The Indian state of Gujarat has agreed to seek a fresh trial for 20 men acquitted of involvement in last year’s religious riots.

Tardy trials have led to calls for the Gujarat government's resignation

The capitulation came after the country’s highest court last week slammed the provincial government for its failure to punish those involved in the Hindu-Muslim riots, after a local court exonerated 20 men, charged with killing 12 Muslims, for lack of evidence.

P.N.Lahiri, Gujarat’s most senior bureaucrat informed the Supreme Court on Friday that the provincial government would amend its appeal against the acquittal of the 20 men and also seek their retrial. 

Censure

In a stinging indictment last week, Supreme Court Chief Justice V.N.Khare had termed the state government’s earlier appeal an “eyewash” and called on the the government to quit if it could not punish the culprits.

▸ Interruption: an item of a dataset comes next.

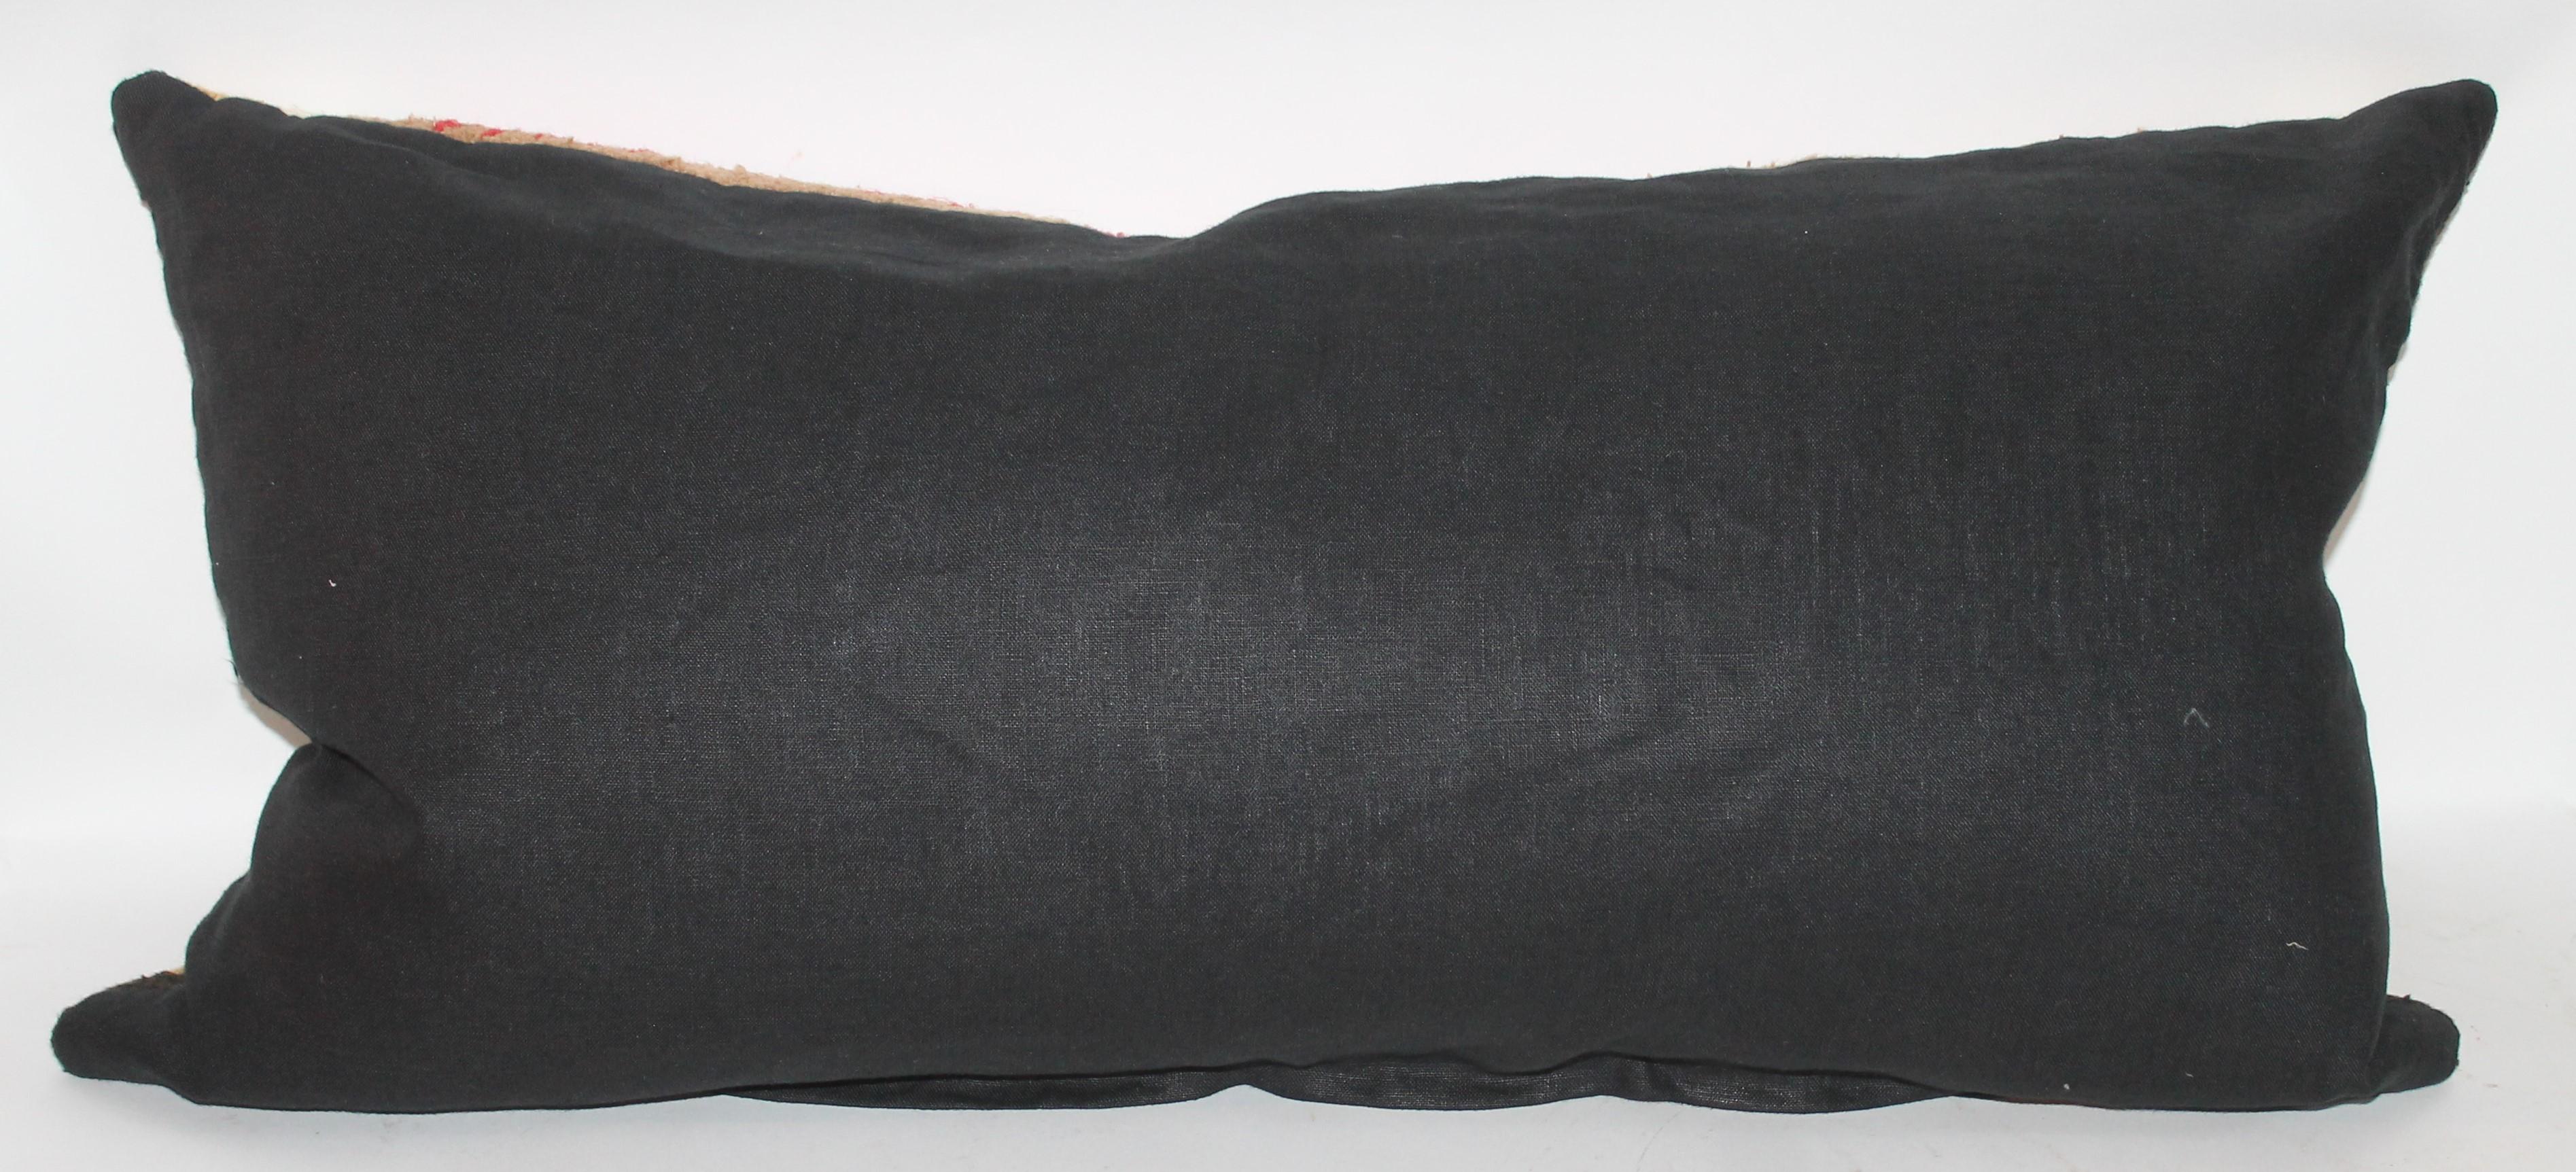 20th Century Navajo Indian Weaving Bolster Pillows, Collection of Five

Gujarat is ruled by Prime Minister Atal Behari Vajpayee’s nationalist Bharatiya Janata Party.

The Supreme Court’s strictures followed an appeal by the independent National Human Rights Commission and a witness seeking a fresh trial in the case.

The killing of the 12 men in the city of Baroda was one of the most barbaric incidents during the riots which swept the state after 59 Hindu pilgrims were torched alive inside a train by a Muslim mob.

The riots left at least 1,000 people, mostly Muslims, dead.